# An introduction to sequence-to-sequence learning in Keras

#### Word embedding based version following Chollet tutorial

https://blog.keras.io/a-ten-minute-introduction-to-sequence-to-sequence-learning-in-keras.html

https://github.com/keras-team/keras/blob/master/examples/lstm_seq2seq.py

Note to self: See my local version for working notes.

This code is based upon Chollet's character-based seq2seq tutorial. It has a section at the end which provides guidance and code for making a word embedding version.

I've also referenced a couple of Brownlee's tutorials.

[How to Use Word Embedding Layers for Deep Learning with Keras](https://machinelearningmastery.com/use-word-embedding-layers-deep-learning-keras/)

Also his tut on text preparation:

[How to Prepare Text Data for Deep Learning with Keras](https://machinelearningmastery.com/prepare-text-data-deep-learning-keras/)

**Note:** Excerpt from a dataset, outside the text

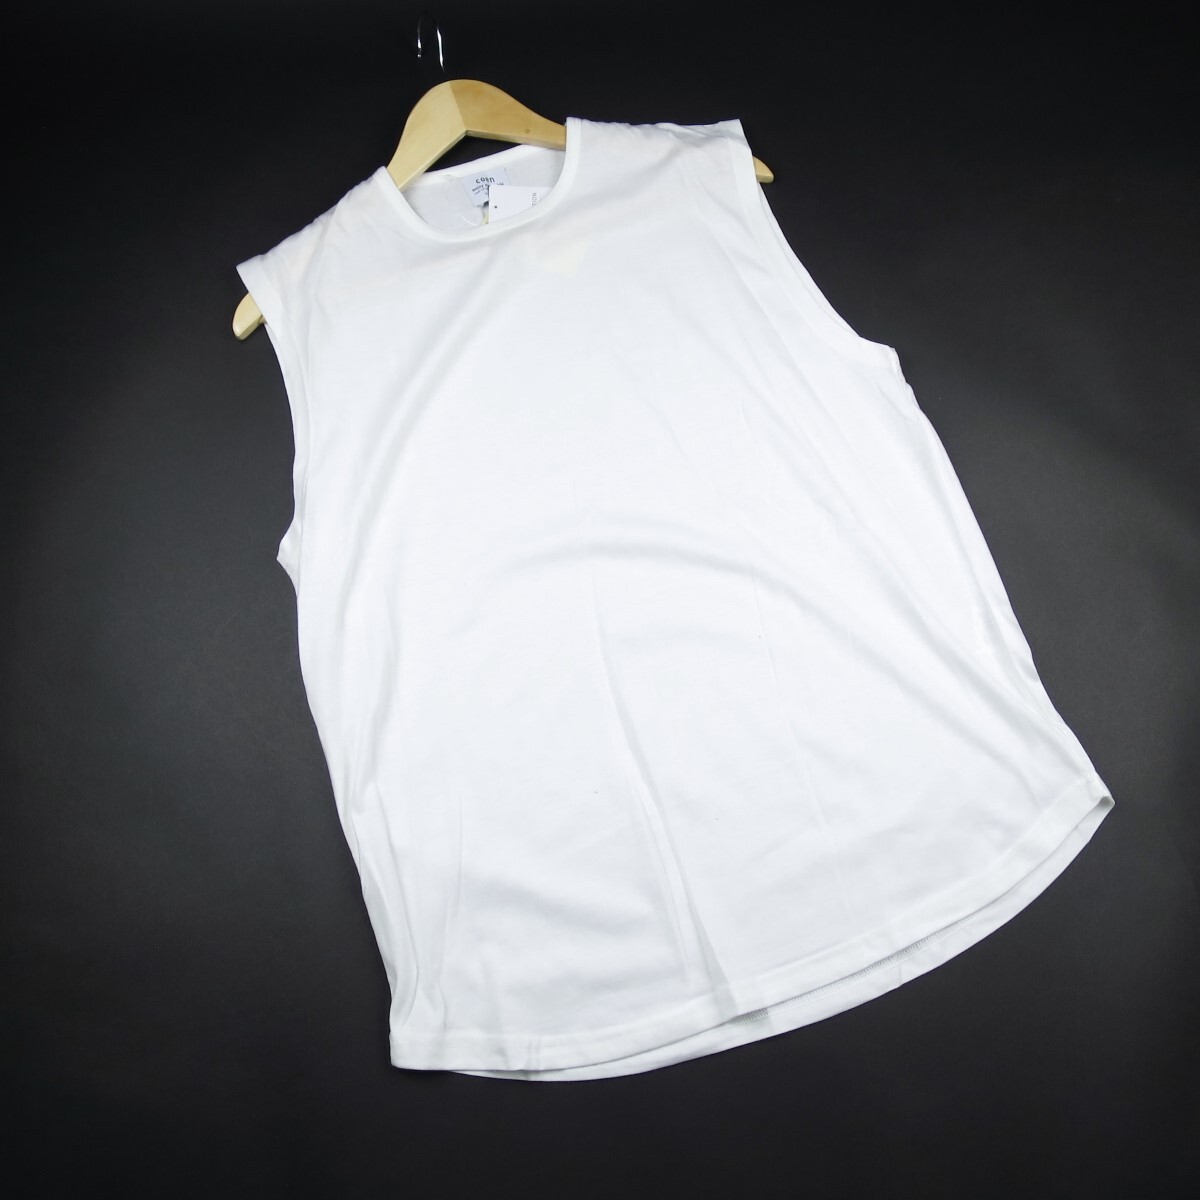  новый товар * United Arrows /ko-en/coen/ короткий рукав Layered футболка комплект 169/0970 чёрный /[XL]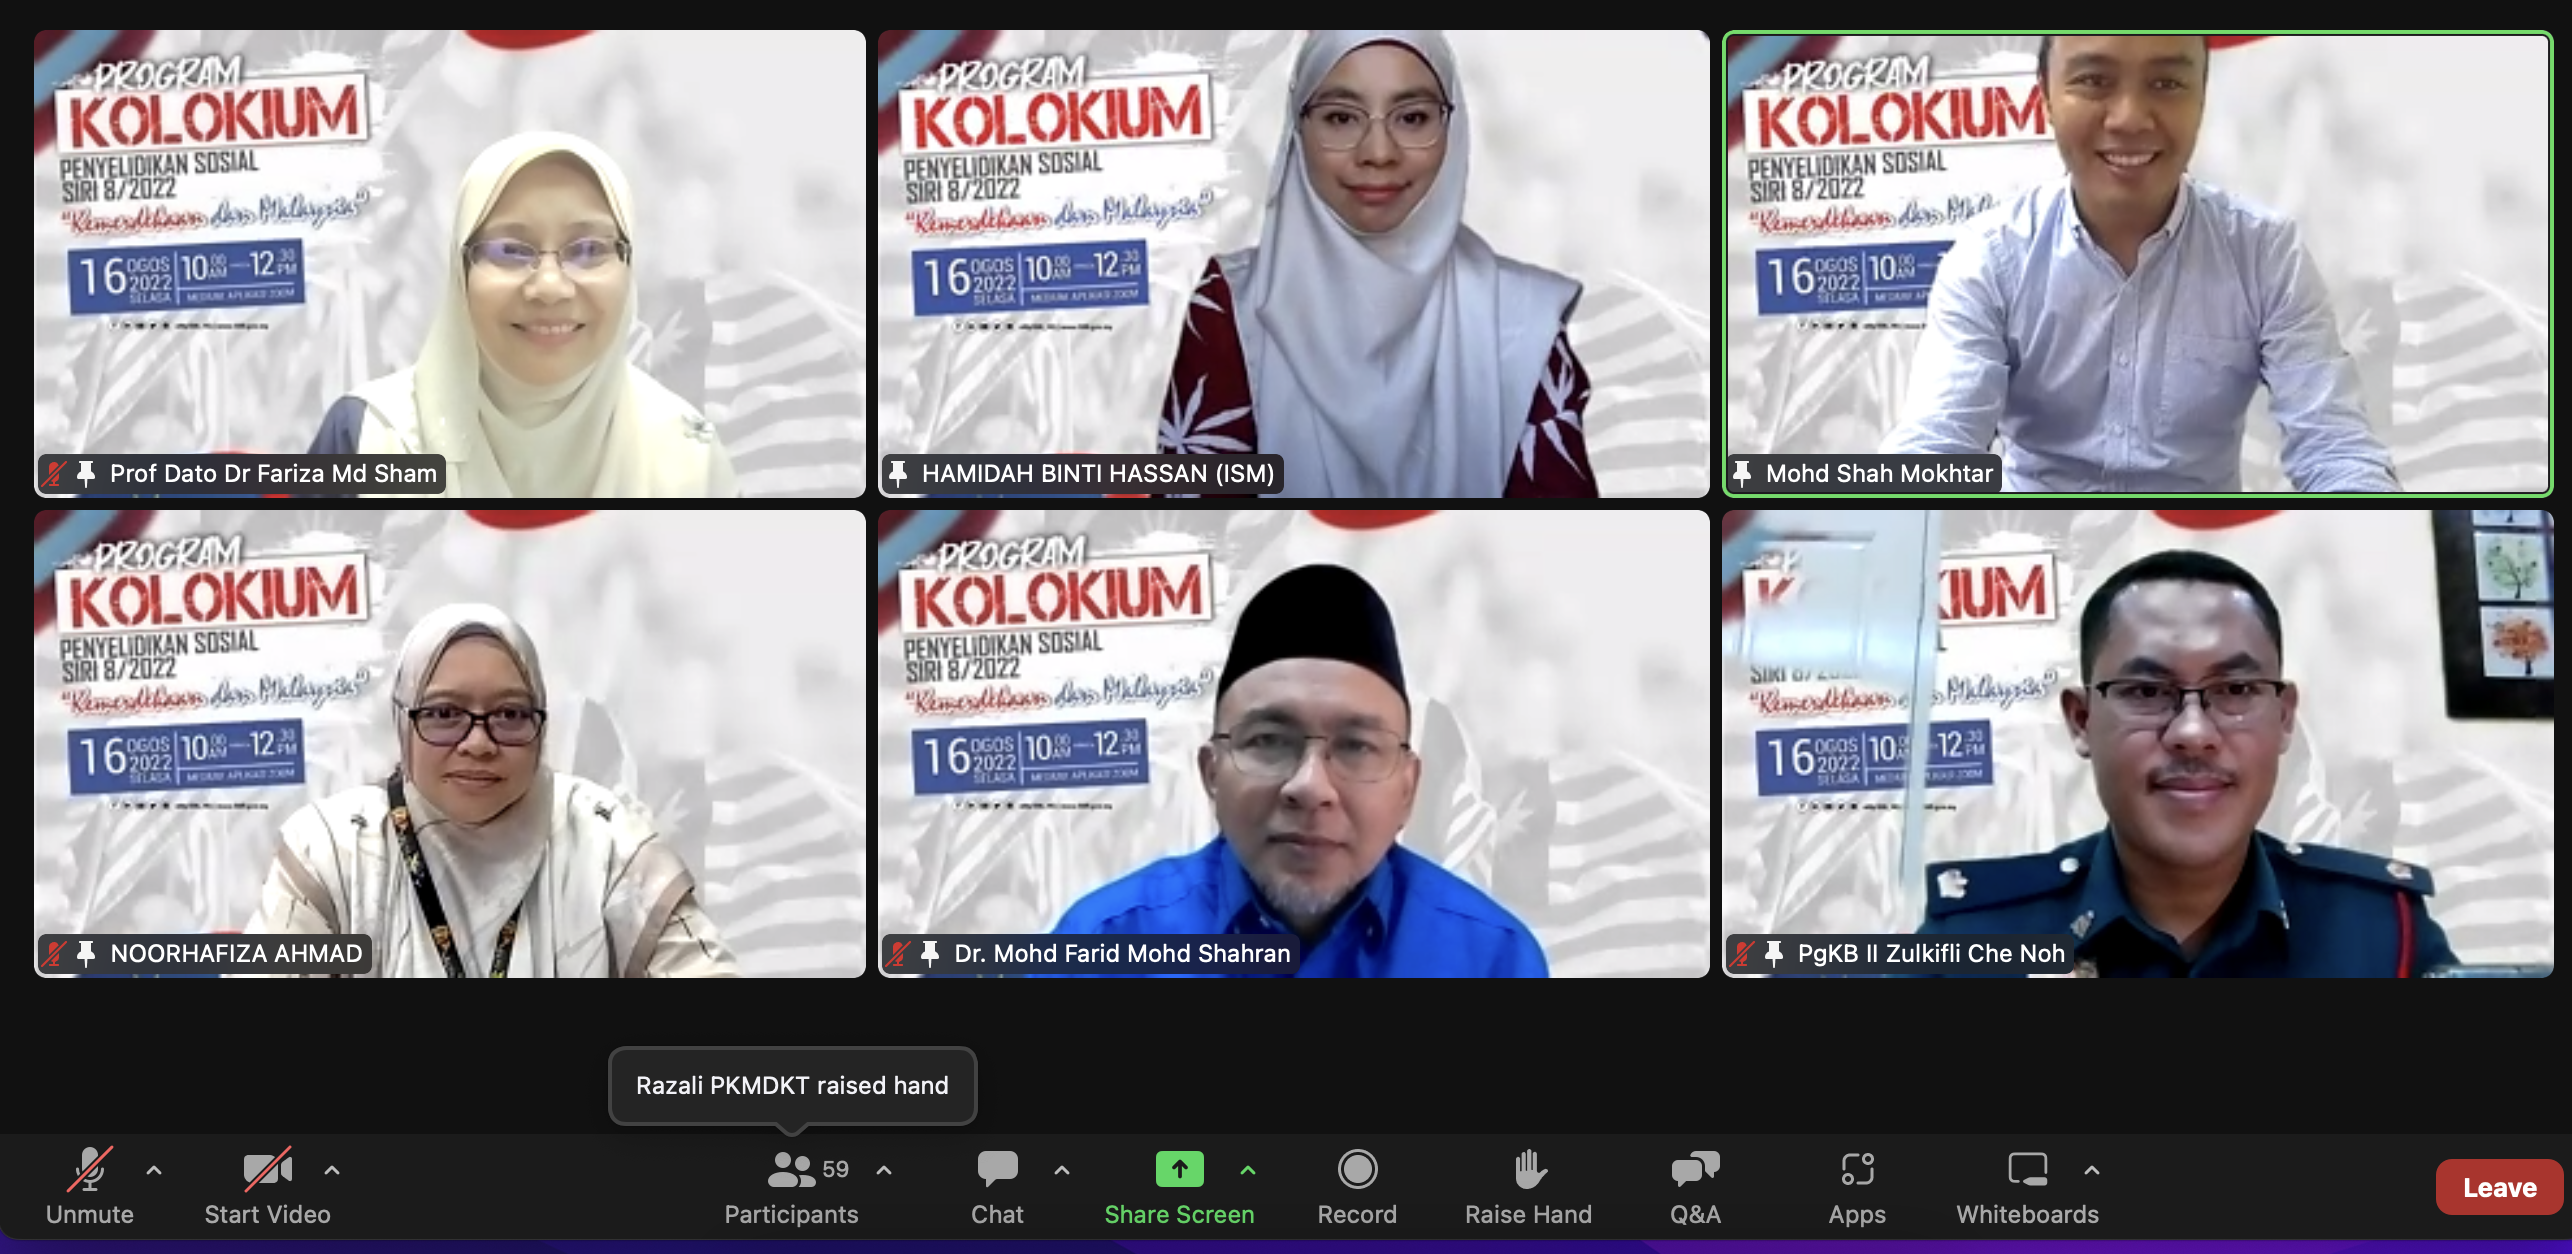 Program Kolokium Penyelidikan Sosial Ism Siri 8-2022 Bertemakan Kemerdekaan Dan Malaysia pic 01

From the Chollet tutorial post:

>#### Data download

>- English to French sentence pairs: 
http://www.manythings.org/anki/fra-eng.zip

>- Lots of neat sentence pairs datasets can be found at:
http://www.manythings.org/anki/

>#### References
>- Sequence to Sequence Learning with Neural Networks
    https://arxiv.org/abs/1409.3215
>- Learning Phrase Representations using
    RNN Encoder-Decoder for Statistical Machine Translation
    https://arxiv.org/abs/1406.1078

In [1]:
# Imports
from keras.models import Model
from keras.layers import Input, LSTM, Dense, Embedding
from keras.preprocessing.text import text_to_word_sequence, Tokenizer
from keras.preprocessing.sequence import pad_sequences

import numpy as np

Using TensorFlow backend.


In [2]:
# Model configuration
batch_size = 64  # Batch size for training.
epochs = 100  # Number of epochs to train for.
latent_dim = 256  # Latent dimensionality of the encoding space.
num_samples = 10000  # Number of samples to train on.
# Path to the data txt file on disk.
data_path = 'data/fra-eng/fra.txt'

#### Vectorize the data (word embedding and one-hot encoding)

In [5]:
# Text preparation
# For source and target texts:
# Split phrases as word arrays, filter for puncuation.
# Collect unique vocabularies.

# diagnostics. Using Tokenizer for actual
input_texts = []
target_texts = []

with open(data_path, 'r', encoding='utf-8') as f: # assures file will close.
    lines = f.read().split('\n') # split doc into lines at newline.
for line in lines[: min(num_samples, len(lines) - 1)]: # parse no more than num_samples lines.
    input_text, target_text = line.split('\t') # separate source and target phrases 
    # Remove some observed unicode from the French
    input_text = input_text.lower().replace(u"\xa0", u" ").replace(u"\u202f", u" ").replace('.', ' .').replace('?', ' ?').replace('!', ' !') # add space for splitting to retain punc.
    target_text = target_text.lower().replace(u"\xa0", u" ").replace(u"\u202f", u" ").replace('.', ' .').replace('?', ' ?').replace('!', ' !')
    # collect
    input_texts.append(input_text)
    target_texts.append(target_text)                   
    
# Tokenizer integer sequences
filters = '"#$%&()*+,-/:;<=>@[\]^_`{|}~' # removed/keeping [.!?]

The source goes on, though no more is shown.